The Manufacturing Purchasing Managers’ Index (PMI) for Czechia, compiled monthly by market intelligence company S&P Global, posted 48.3 in March.
Although the March PMI still sits below the 50-point mark separating growth and decline, it is the highest posting since June 2022 and the weakest drop during the contraction period of almost three years.
“Czech manufacturers signalled a further move towards stabilisation in the goods-producing economy, as output and new orders fell at only slight rates,” commented Sian Jones, Principal Economist at S&P Global Market Intelligence.
She added that “reports of new clients wins and less muted foreign demand conditions buoyed companies.”
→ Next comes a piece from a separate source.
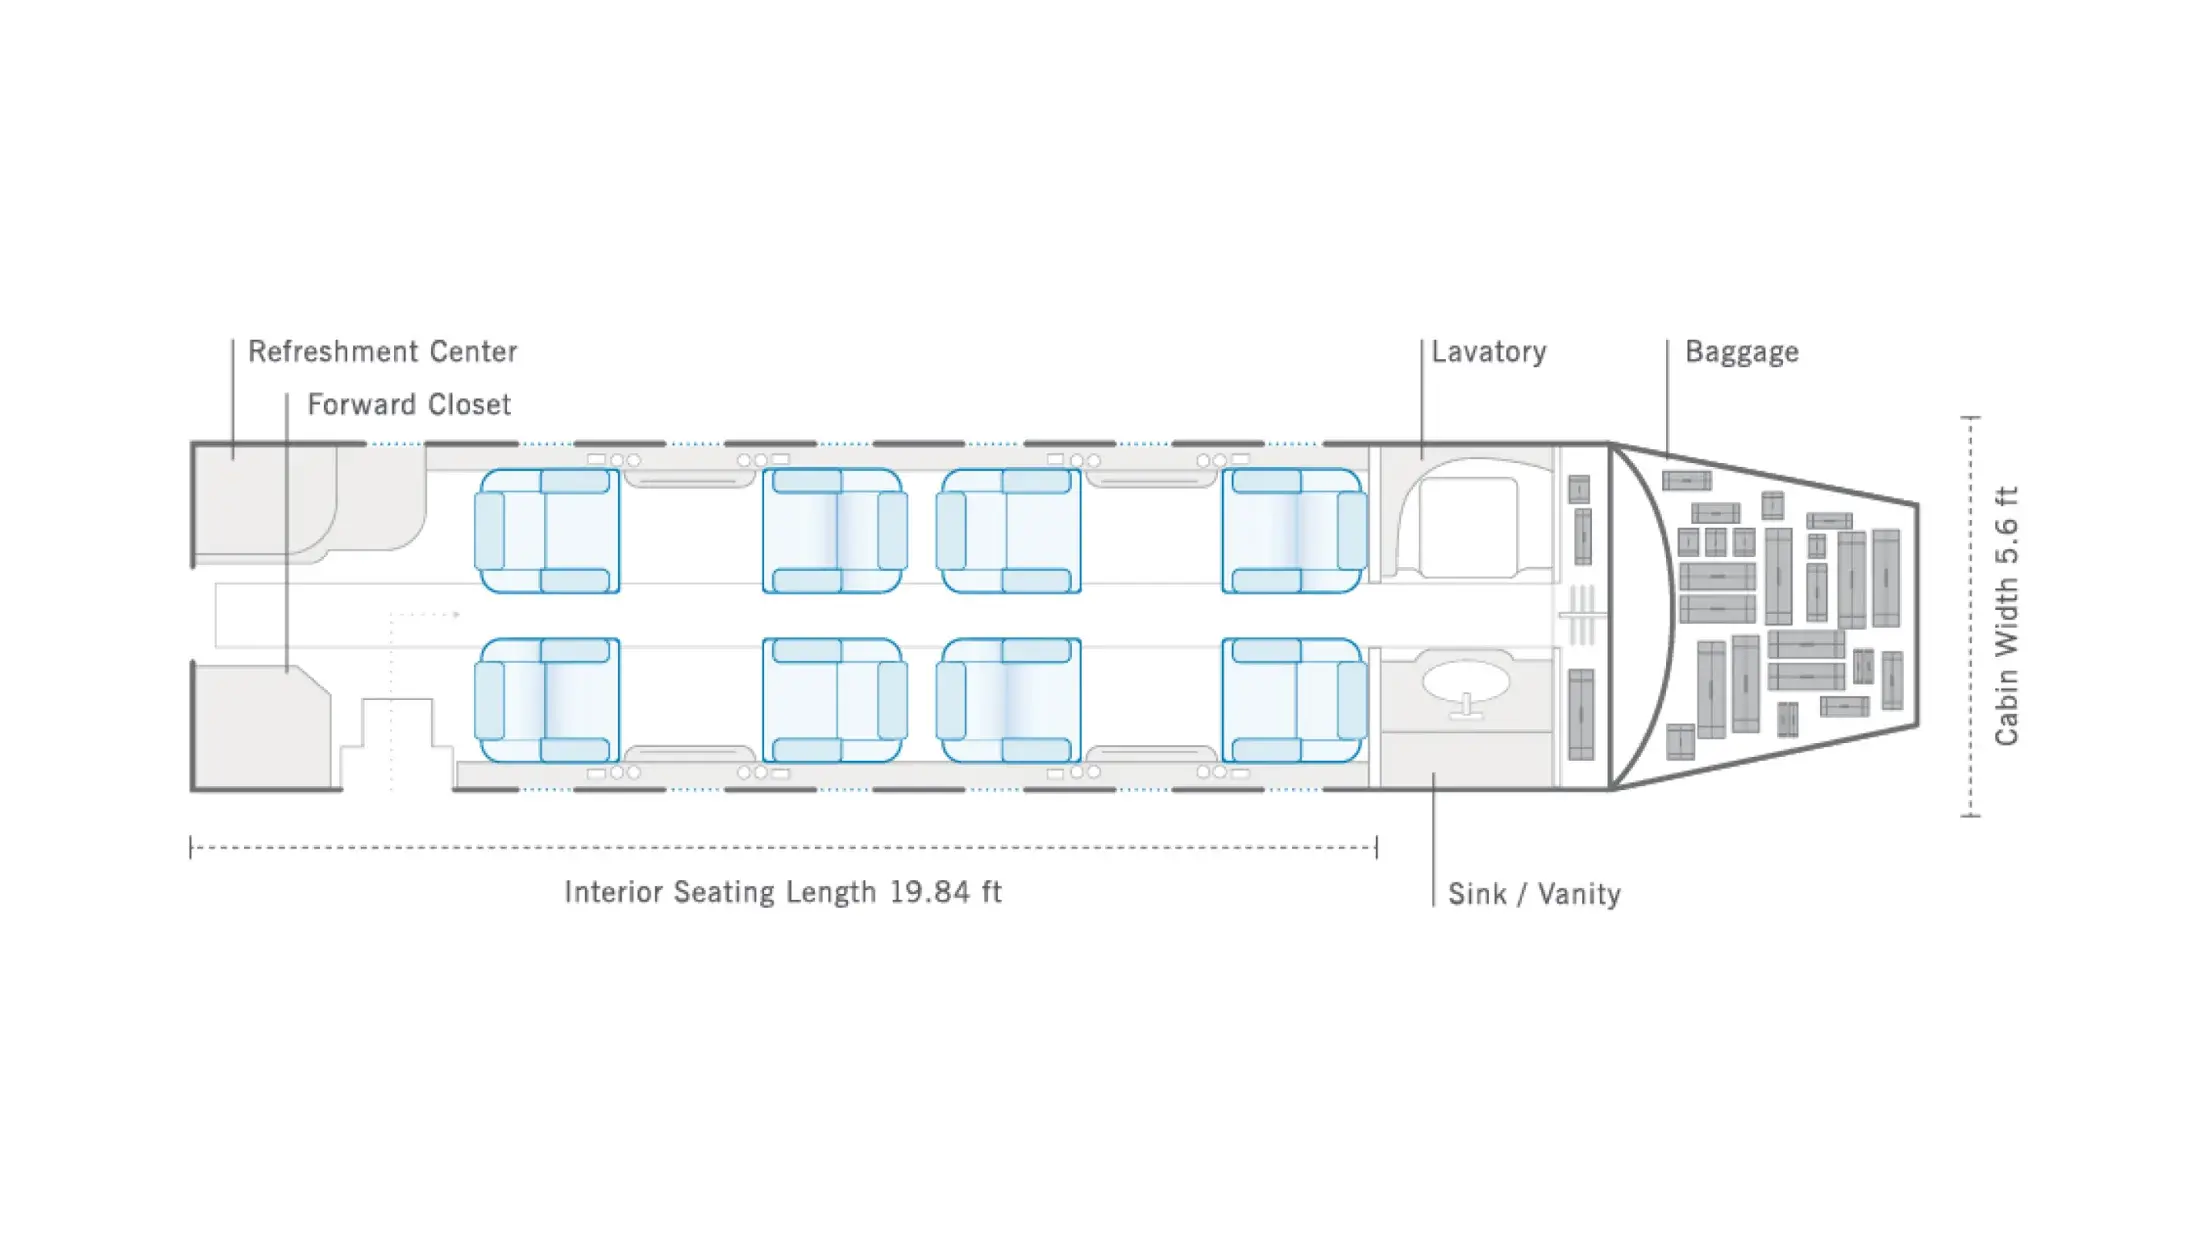 New illustration style of aircraft floorplans

Although “manufacturers were at their most confident in the outlook for a year,” Jones also pointed out that “challenges remained,” including “caution towards hiring and input buying as firms sought to keep a close eye on outgoings.”
New export orders fell at a slower rate in March, S&P noted, while rising cost burdens persisted at a joint-sharpest since January 2023, and manufacturers raised their selling prices for the first time since last September amid stronger inflationary pressures.
The country’s manufacturers reported a higher degree of optimism in renewed demand, while Jones concluded that “the recent historically elevated uptick in charge inflation may add to more cautious sentiment regarding monetary policy in 2025.”